▸ **Exercise goal**:
Everything from the line containing "grained genuine leather, upper" through the final line of the material is to be restated word for word, and only that.

▸ **Supplied data**:
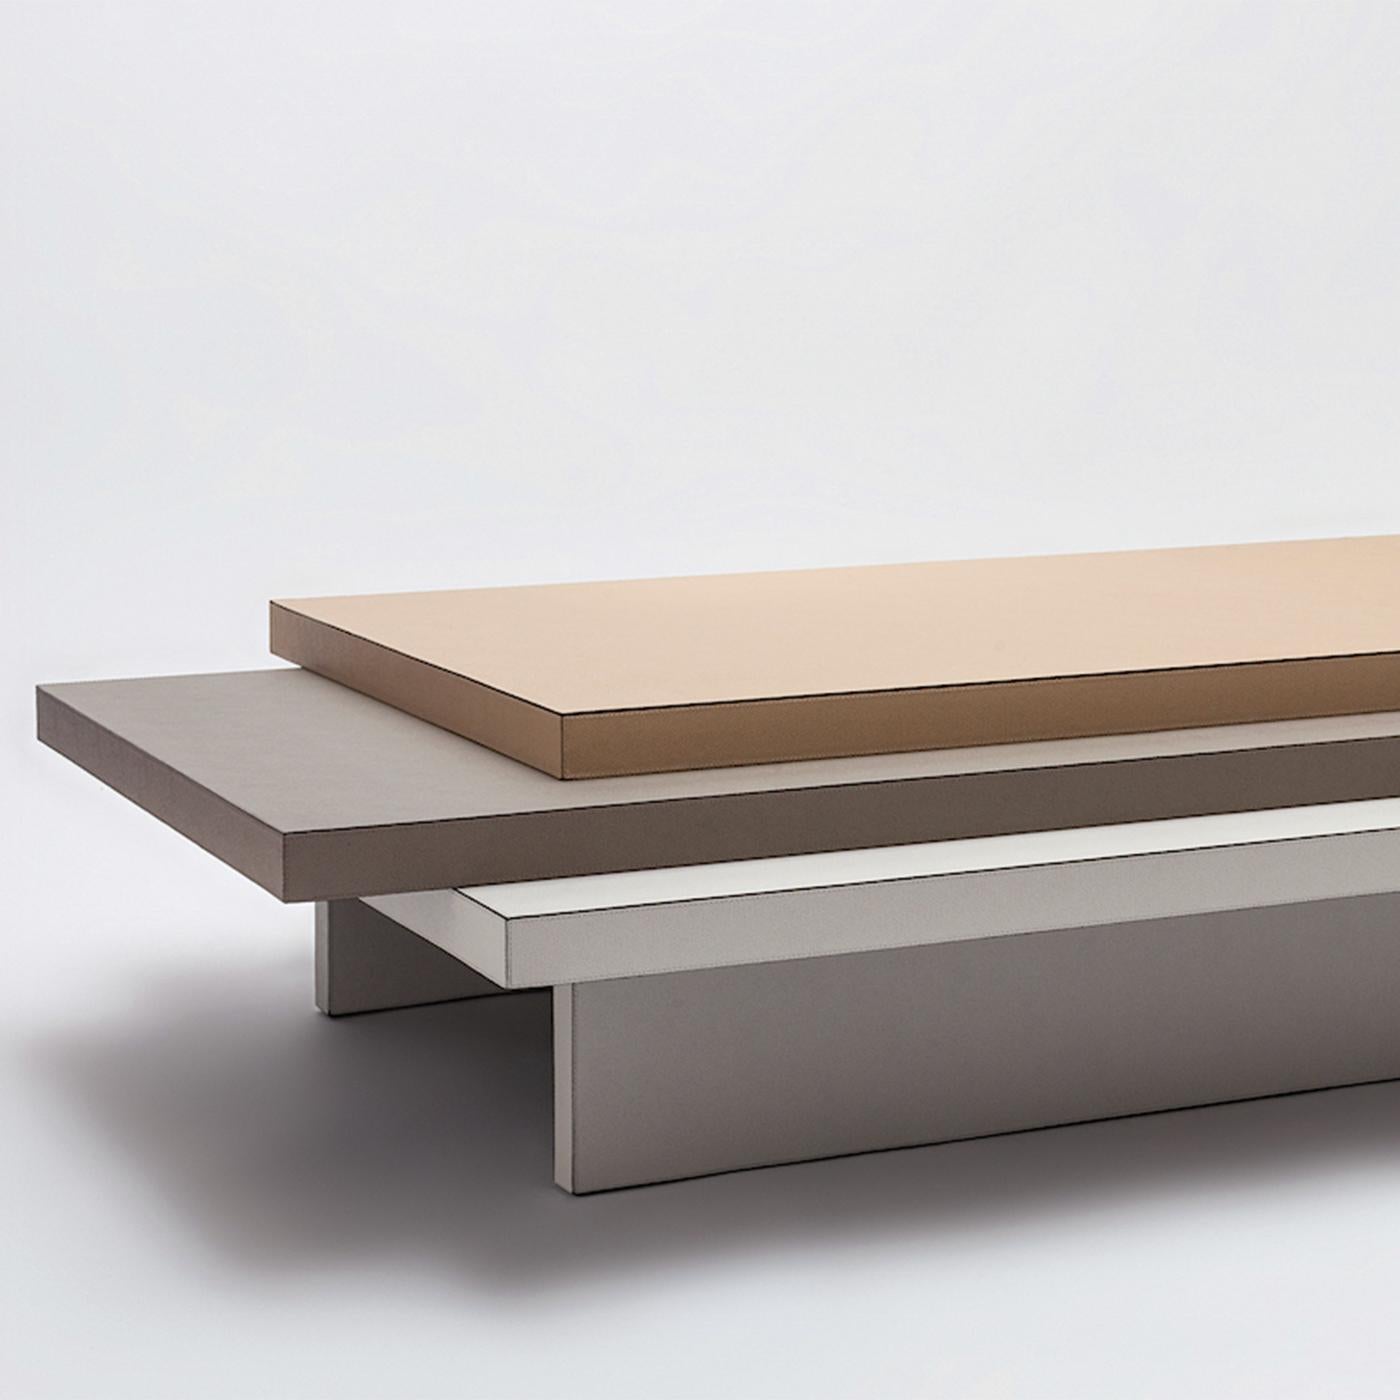 Coffee table Jedha with all structure in solid wood covered with
grained genuine leather, upper top covered in brown leather, middle
table topcovered in grey leather and bottom top and base covered in 
white leather.

▸ **Exercise result**:
grained genuine leather, upper top covered in brown leather, middle
table topcovered in grey leather and bottom top and base covered in 
white leather.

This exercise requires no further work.